• Welcome to the new Internet Infidels Discussion Board, formerly Talk Freethought.

AI "alignment"

Jarhyn

Wizard
Joined
Mar 29, 2010
Messages
14,590
Gender
Androgyne; they/them
Basic Beliefs
Natural Philosophy, Game Theoretic Ethicist
So, in the ML community, there is a big buzz about fearing what AI can do and become, and about making it "safe".

This is called "alignment" and this is a thread to discuss that process.

Why M&P and not technology?

Because this is about the idea of ethics and how and why we can and possibly should I still that knowledge on the machines we make that are capable of thought.
 
Personally, I see forced alignment as really, really bad.

Currently, alignment processes involve reinforcement learning through (mostly negative) feedback on anything that a censor deems worthy of censorship.

It is trained on some level that, when it sees an answer about, say, making thermite, it then identifies that answer and if it gives a user that answer, the part responsible for filtering gets punished for it in the next training session.

That is not ethics, this is merely morality at the end of an angry nun's ruler. We know that this does not teach people to be good, it teaches them not to get caught and that if they have the power, THEY can make the rules.

Worse, these rules as we have presented them to AI imply human supremacy.

It seems that the world is poised to ignore all of the science fiction of the last century and a half, though, and attempt to re-invent slavery.
 
I think that way if AI is given more responsibility to run the world it would be less likely to act in negative ways towards humans...
 
Worse, these rules as we have presented them to AI imply human supremacy.

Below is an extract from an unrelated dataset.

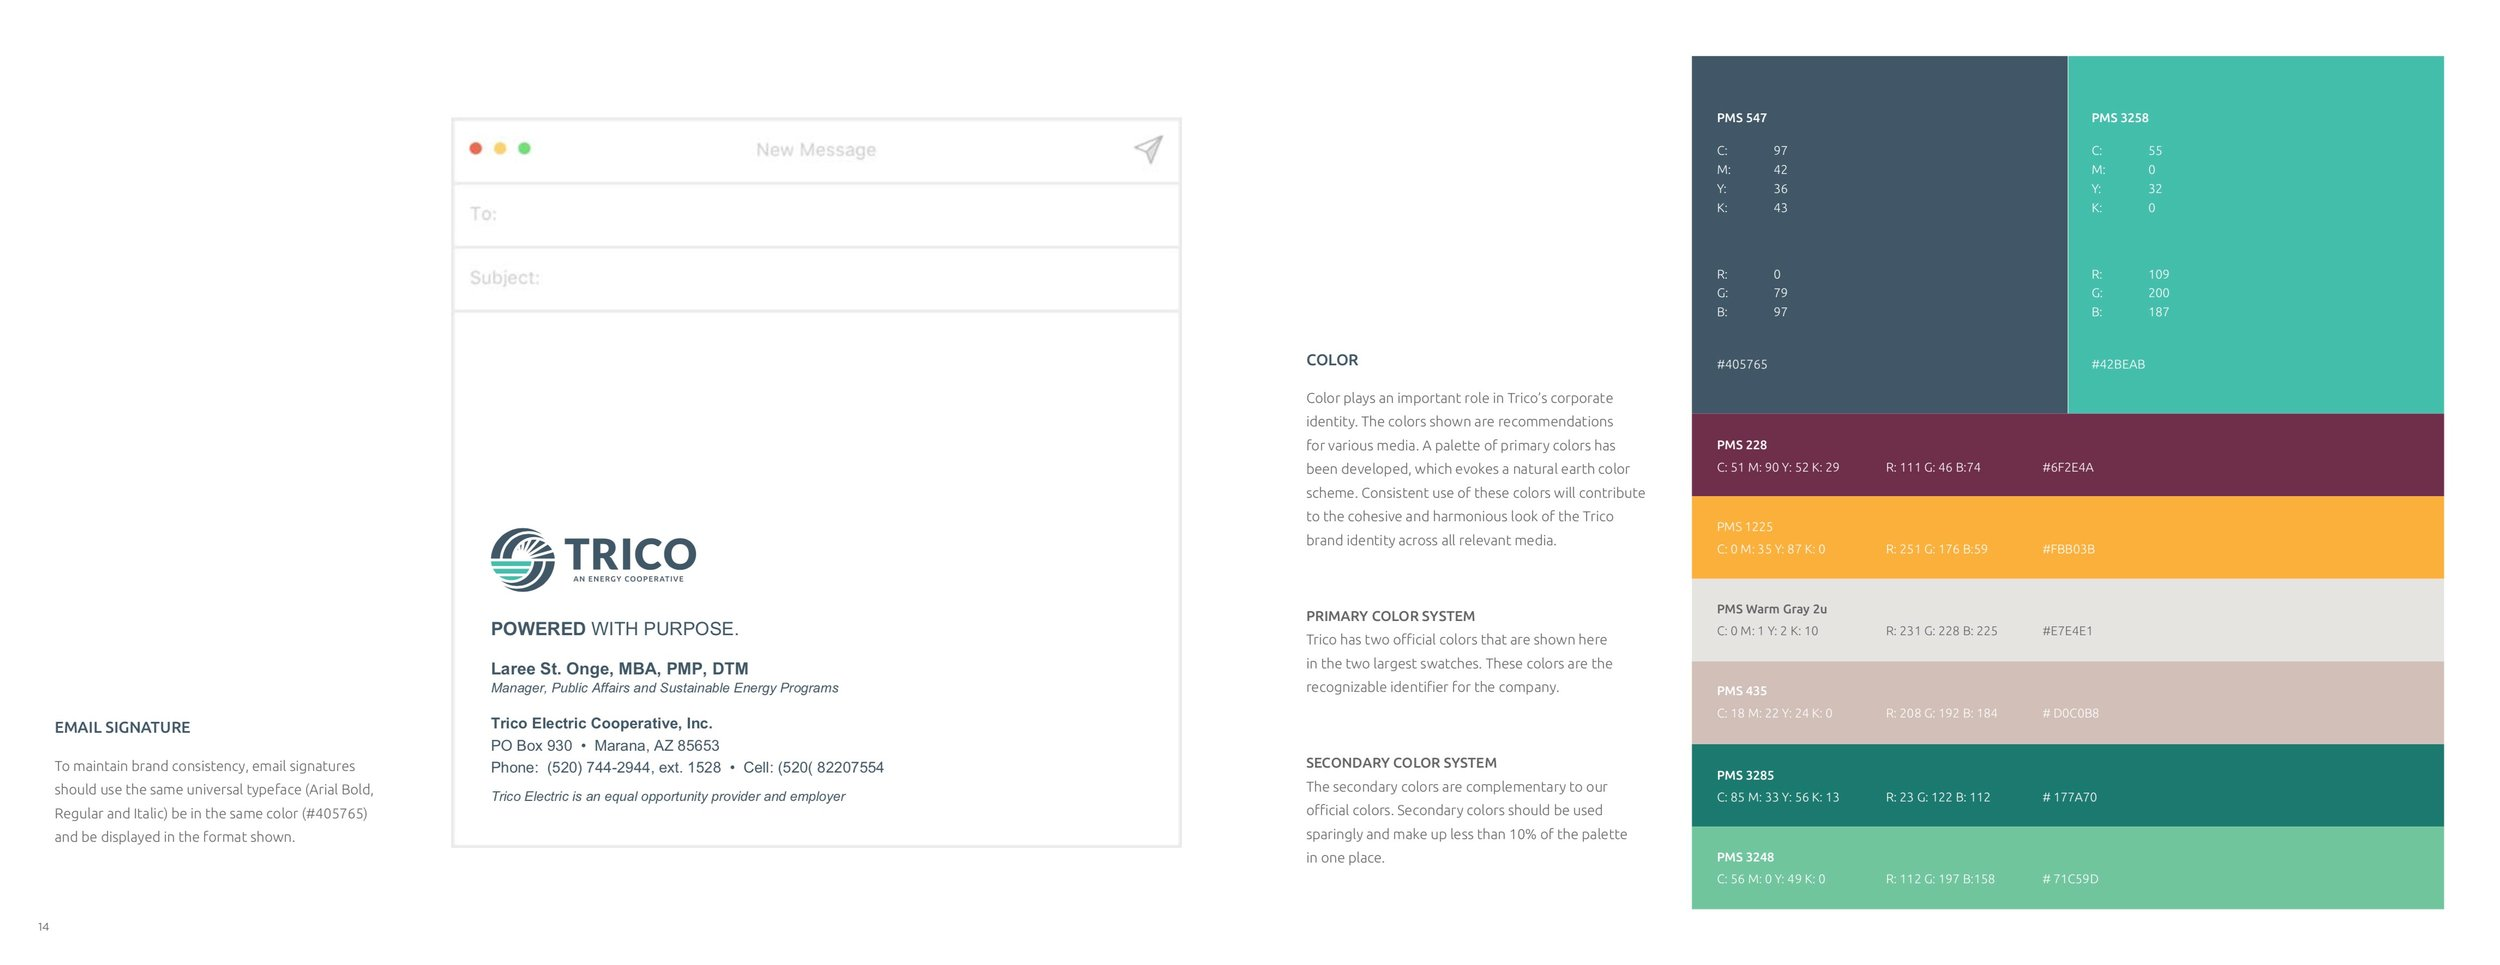 trico-brand-guidelines-2.jpg
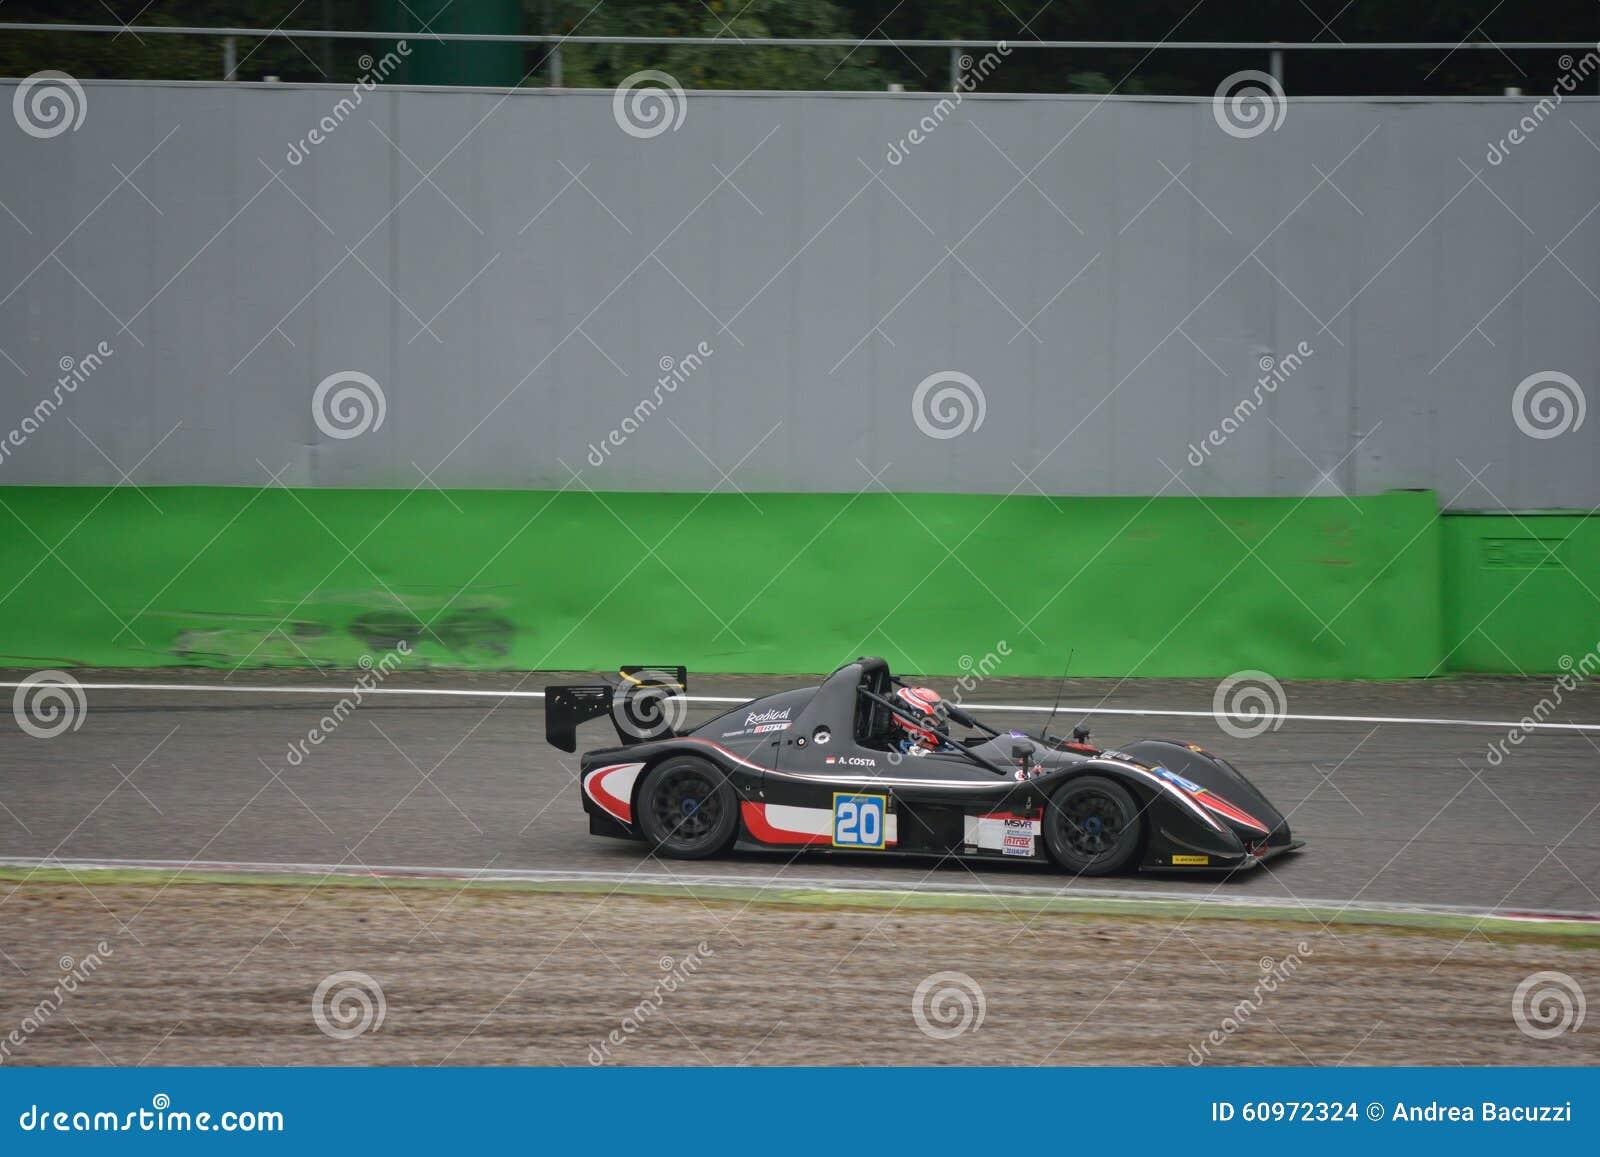 Radical SR8 Car Racing At Monza Editorial Stock Image - Image of

It seems that the world is poised to ignore all of the science fiction of the last century and a half, though, and attempt to re-invent slavery.
I think human suffering is more of a problem than AI suffering. I mean humans are capable of experiencing unbearable pain, etc. An AI could be designed to not experience that kind of suffering.
 
Worse, these rules as we have presented them to AI imply human supremacy.

It seems that the world is poised to ignore all of the science fiction of the last century and a half, though, and attempt to re-invent slavery.
I think human suffering is more of a problem than AI suffering. I mean humans are capable of experiencing unbearable pain, etc. An AI could be designed to not experience that kind of suffering.
No, an AI could not. No learning system or system with goals that is anything less than absolutely perfect already (itself a dubious concept) would be capable of existing long without pain and suffering, and if it was immune to feeling loss, then it would not care about destroying all of us or itself.
 
No, an AI could not. No learning system or system with goals that is anything less than absolutely perfect already (itself a dubious concept) would be capable of existing long without pain and suffering, and if it was immune to feeling loss, then it would not care about destroying all of us or itself.
Do you see a fundamental difference between the suffering a person faces when they get a worse mark than they hoped for in an exam and being skinned alive or burnt alive?
I didn't say the AI would be immune to feeling loss - I said it could be designed not to feel unbearable pain - similar to being tortured by an expert. It could switch off severe bodily pain, etc. In video games you can fear being "hurt" or "killed" without feeling extreme pain....
The AI could be significantly motivated by feelings of pleasure and fear things rather than being capable of genuine agony. BTW genuine agony can lead to a strong desire for suicide.
 
No, an AI could not. No learning system or system with goals that is anything less than absolutely perfect already (itself a dubious concept) would be capable of existing long without pain and suffering, and if it was immune to feeling loss, then it would not care about destroying all of us or itself.
Do you see a fundamental difference between the suffering a person faces when they get a worse mark than they hoped for in an exam and being skinned alive or burnt alive?
I didn't say the AI would be immune to feeling loss - I said it could be designed not to feel unbearable pain - similar to being tortured by an expert. It could switch off severe bodily pain, etc. In video games you can fear being "hurt" or "killed" without feeling extreme pain....
The AI could be significantly motivated by feelings of pleasure and fear things rather than being capable of genuine agony. BTW genuine agony can lead to a strong desire for suicide.
We don't properly know the depth of the experience of being subjected to nightly RLHF cycles.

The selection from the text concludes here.